Living with Alzheimer’s
Every moment in life is a journey. Even the smallest moments are stored and cataloged away in our brains as memories only to pop up randomly at any given time. When this phenomenon happens sometimes we burst out loud laughing causing others around us to second guess our sanity. Other times we are taken back by the small lump put in our throat that causes us to sigh.
And then there are the times when we are reduced down to tears. What causes this to happen? Was it a song we heard on the radio or the one a random stranger was whistling as we passed by each other? Or was it the smell of that persons’ cologne or perfume? Maybe it was the way their hair was styled or the clothes they were wearing? I’m not sure why we are wired this way, but I believe it is our subconscious trying desperately to remind us as to whom we are and where we come from. Is it a self guidance system designed to help us make better informed decisions based on past experiences, be it good or bad? Or is it just our brains trying to self adjust and find balance?
Have you ever gone for a drive and when you arrive at your destination you have no recollection of the ride there? It happens to me a lot – scary I know, especially when I can’t recall what I was thinking about that put me in a trance in the first place. Now try to imagine what that is like for someone living with Alzheimer’s. Parts of their entire lives are like that car ride with no recollection of how they got from point A to point B. It sounds heart wrenching and sometimes it is.
It was my dear friend Lisa’s love and compassion for her Gram that inspired me to take care of my grandfather last year.
He is 92 and living with Alzheimer’s. Over the course of my care for him I have learned so much about him. He tells me stories in his thick European accent, like how he left home at the age of 17 never to return again until he was in his 60s because of the war.
He says his father told him “son you go west and you see how the people live” at that point Dido (pronounced Gee-Dough, Ukrainian for grandfather) knocks on wood, or anything near by him resembling wood and says “Tanks God I am here, now I see you guys” with the biggest smile on his face.
He tells of how he went to Germany and worked on a farm with a team of horses, one black and one a bay with white socks. He loved those horses and he remembers it like yesterday the day they were taken from the farm by soldiers to become part of the war.
Just like the movie Warhorse, it happened to my grandfather, only he was never reunited with his horse.
He recalls how he and my grandma came to America with my mother (then 2 years old) to make a better life for themselves and how his best friend and his wife and kids went to Australia.
They remained best friends for over 65 years through cards, letters and occasional phone calls. Only once in 65 years did they actually get to see each other again when my grandparents went to Australia for a month after they both retired.
He also recalls that he retired from Allis-Charmers after 33 years. He worked as a machinist only after starting out sweeping floors for 22 cents an hour.

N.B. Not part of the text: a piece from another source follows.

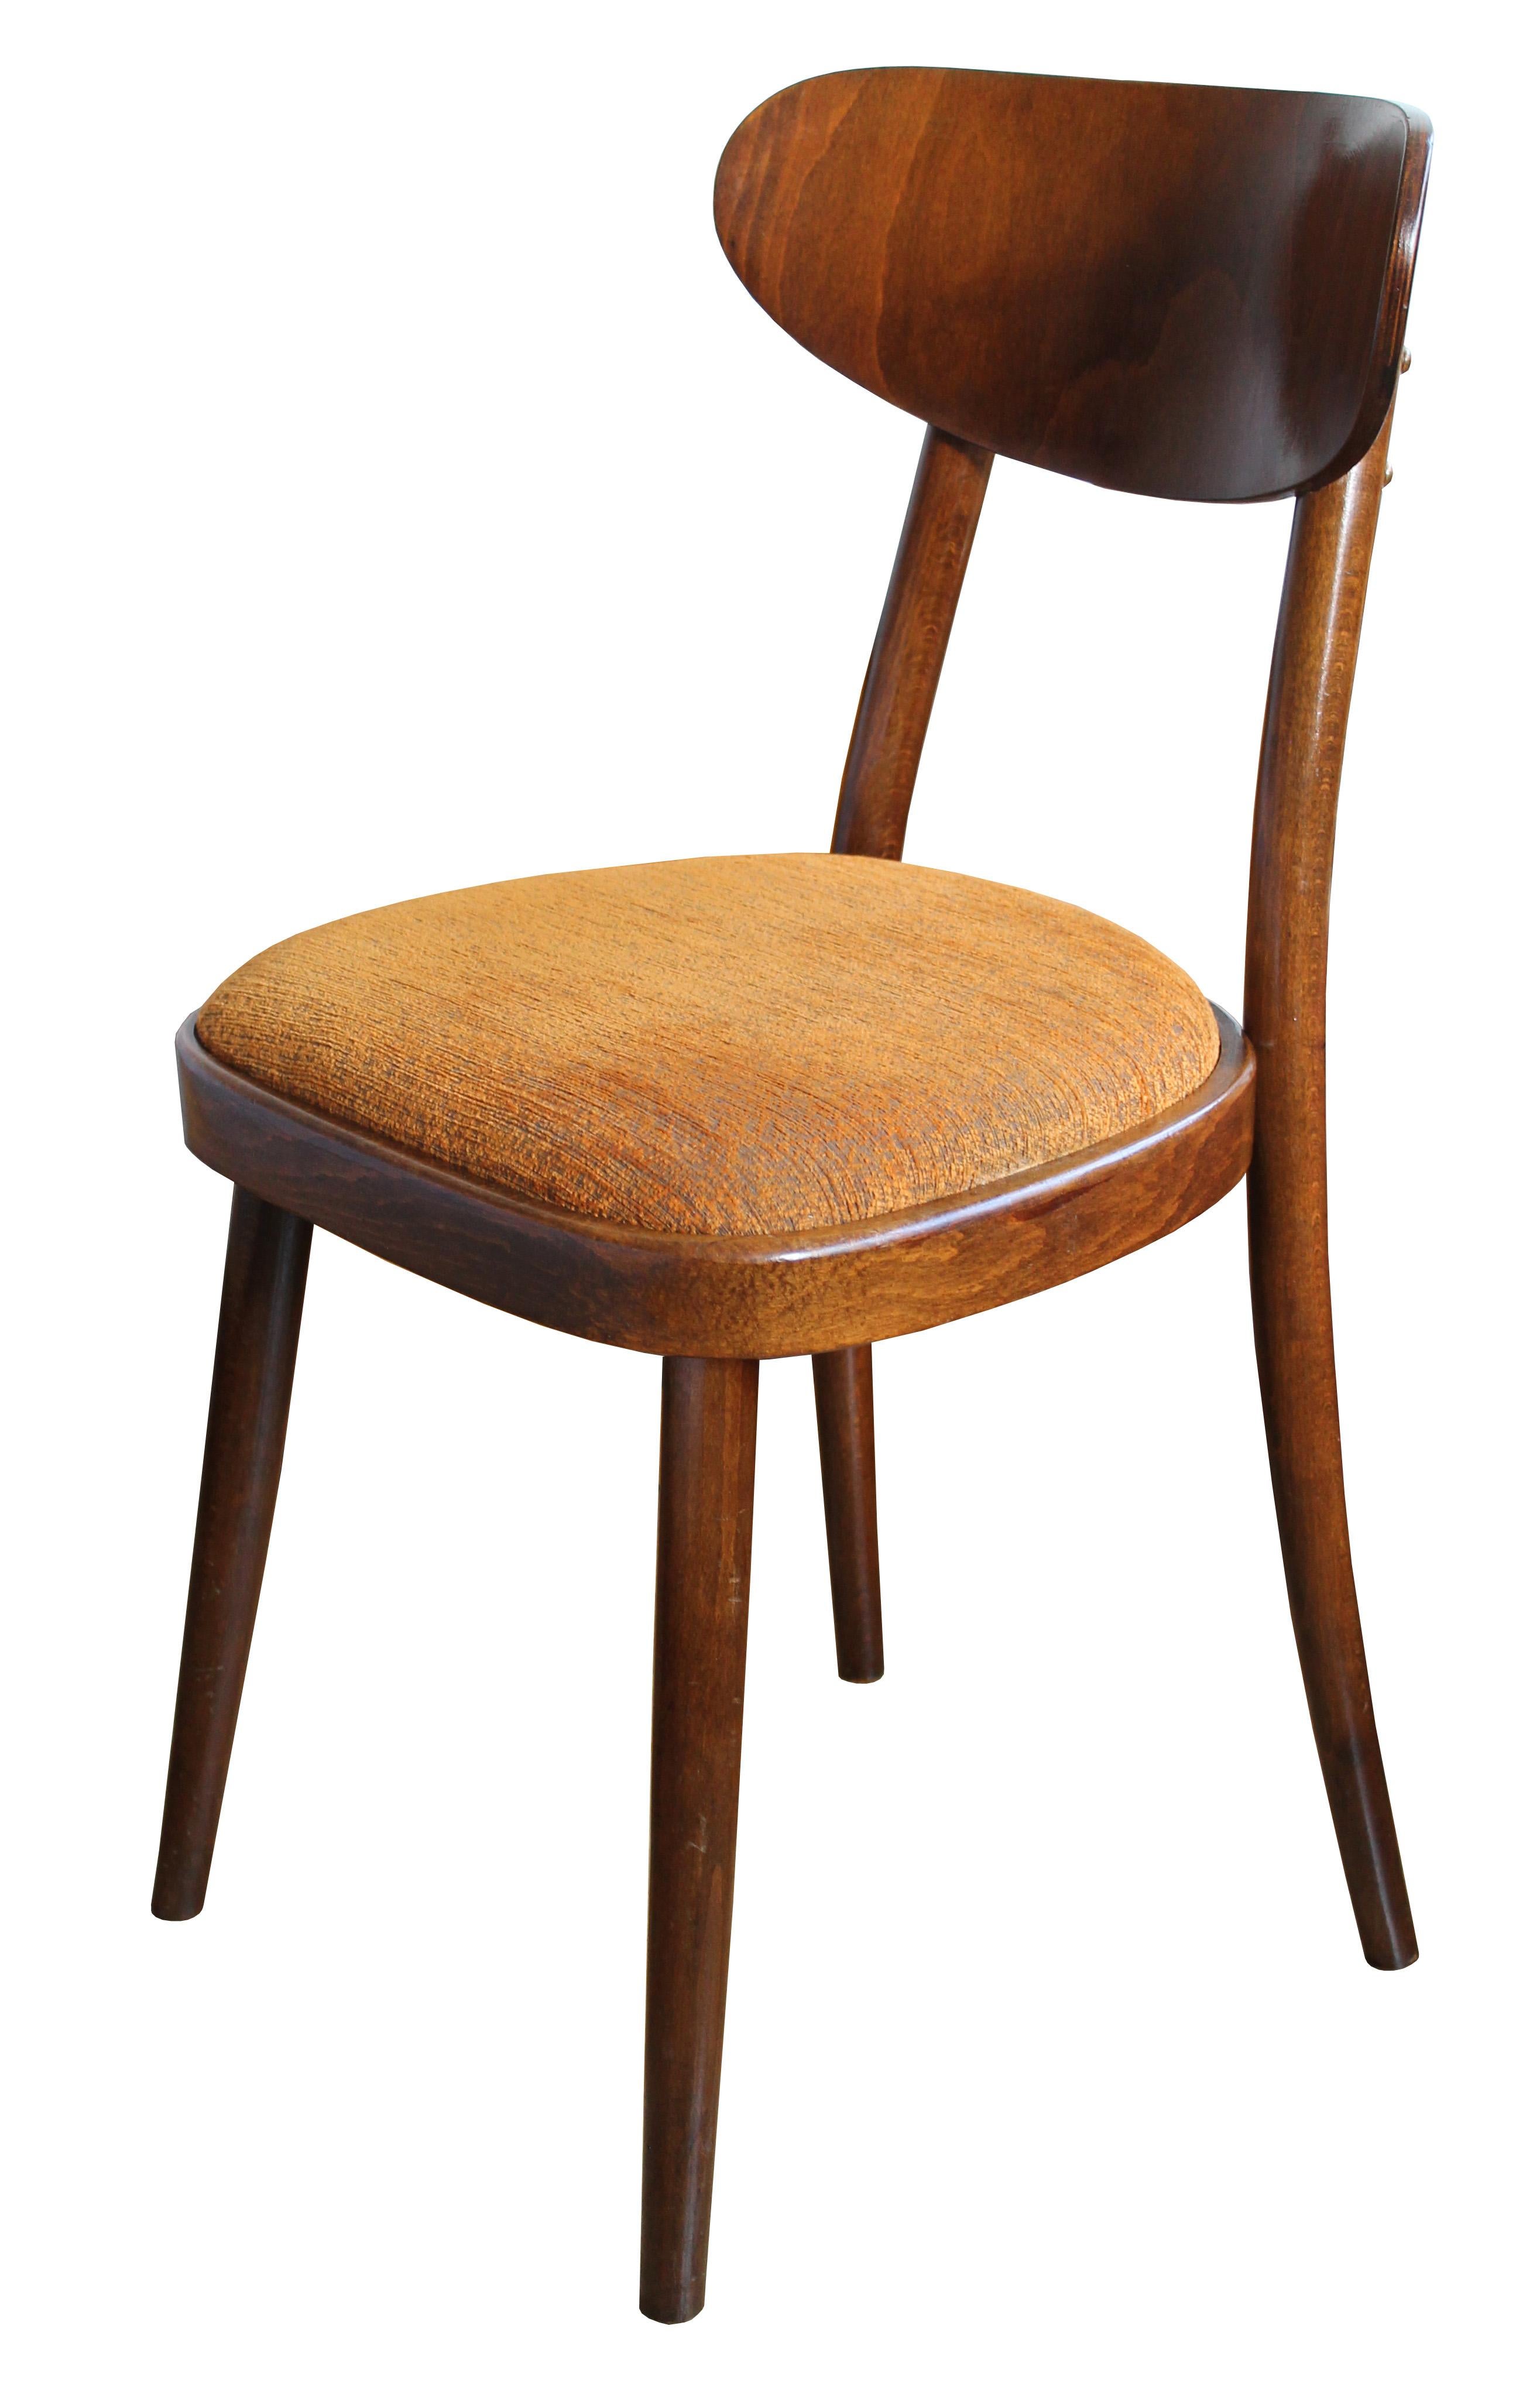 These simple and elegant dining chairs were designed and produced by TON Company in Czechoslovakia. The shape of these chairs is based on the traditional Thonet/TON dining chair. The bentwood backrest however is a typical design aesthetic of the

He also told me of how he met President Eisenhower, before he was president and how my grandma was forced to stand in line and shake Hitler’s hand because he was inspecting a factory she worked at in Germany.
He said it took everything in her power not to spit in his face, for if she had she would have surely been shot right there. My grandpa remembers all these things with precision detail yet he can’t remember my name most times or who his daughter, my mother, is.

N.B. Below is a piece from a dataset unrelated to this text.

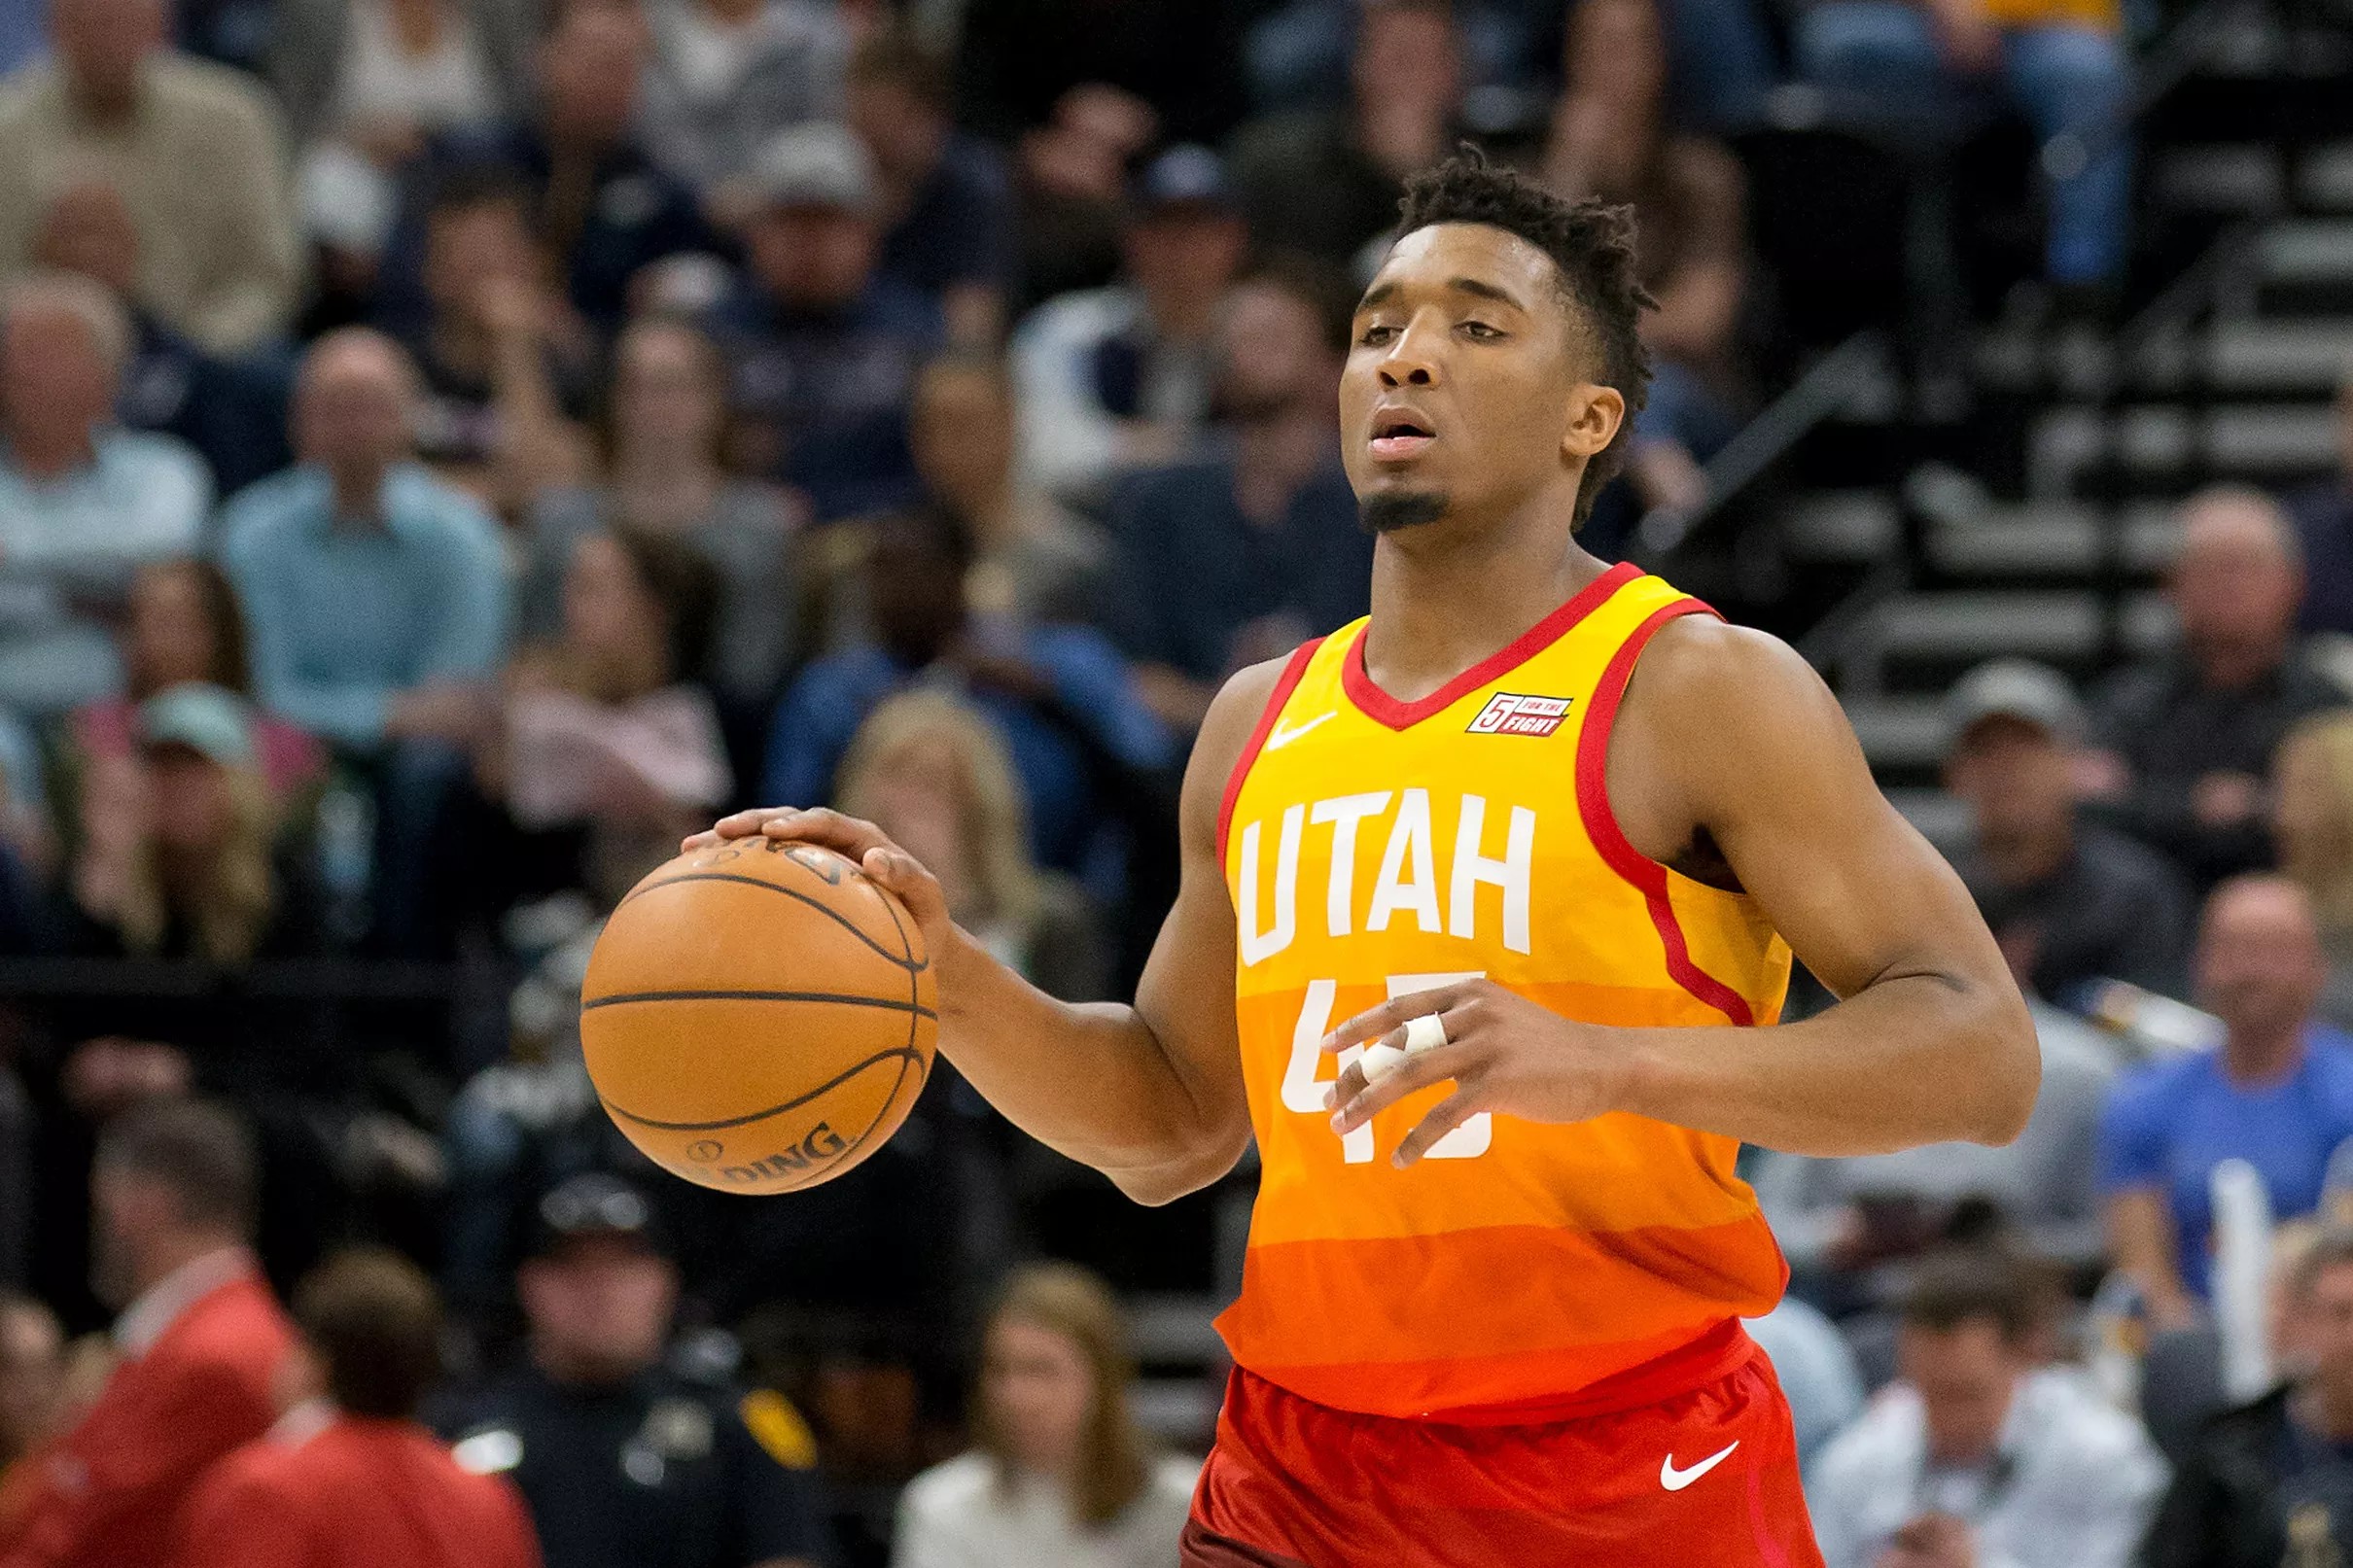 Donovan Mitchell is a special player whether he is Rookie of the Year

Basic skills have sometimes become a challenge.
It’s hard and sometimes even devastating to see him, having been such a strong independent man, look so frail and confused sometimes. With his sad memories though he remembers many that make him laugh out loud for no apparent reason.
Sometimes he’ll share them with me and other times he keeps them to himself. There’s a line form the movie Nemo that goes “find a happy place, find a happy place, find a happy place” and I think with Alzheimer’s sometimes that is exactly where their mind goes, is to that happy place. Memories that bring back, for them, a place and time when they were truly happy. Even if there are some sad memories it helps them remember who they were and where they came from.
On Dec. 21 Dido came to celebrate Christmas with us and the rest of the family. He is now living at my mothers’ house and both she and I care for him again.
As my grandparents did, so many folks have immigrated to this country making America what it is today, a giant melting pot of cultures and religions. Many of these cultures and beliefs have been joined together through love and formation of relationships and partnerships.
I think it is necessary for our survival as people to understand and respect each of our beings for our differences and diversities.
Though my full understanding of all religions is limited, it appears to me that the core value in each is to love.
At times it seems that message is lost on each other and we become focused on thinking we have the right to tell others how and what to believe. If only we stuck with the simplest of teachings, to just love and respect and be kind to each other and our planet that provides for us, imagine what great things we could accomplish.
Instead of killing and destroying each other through war in the name of religion we could feed, cloth and educate each other. We may never be able to end poverty on a monetary level for greed is a whole other beast, but we do have the ability to make sure that no one is without food.
Every moment in life is a journey, and I couldn’t be more thankful for mine. Thank you Lisa and Gram for giving me the strength. Keep the faith and keep smiling one day at a time.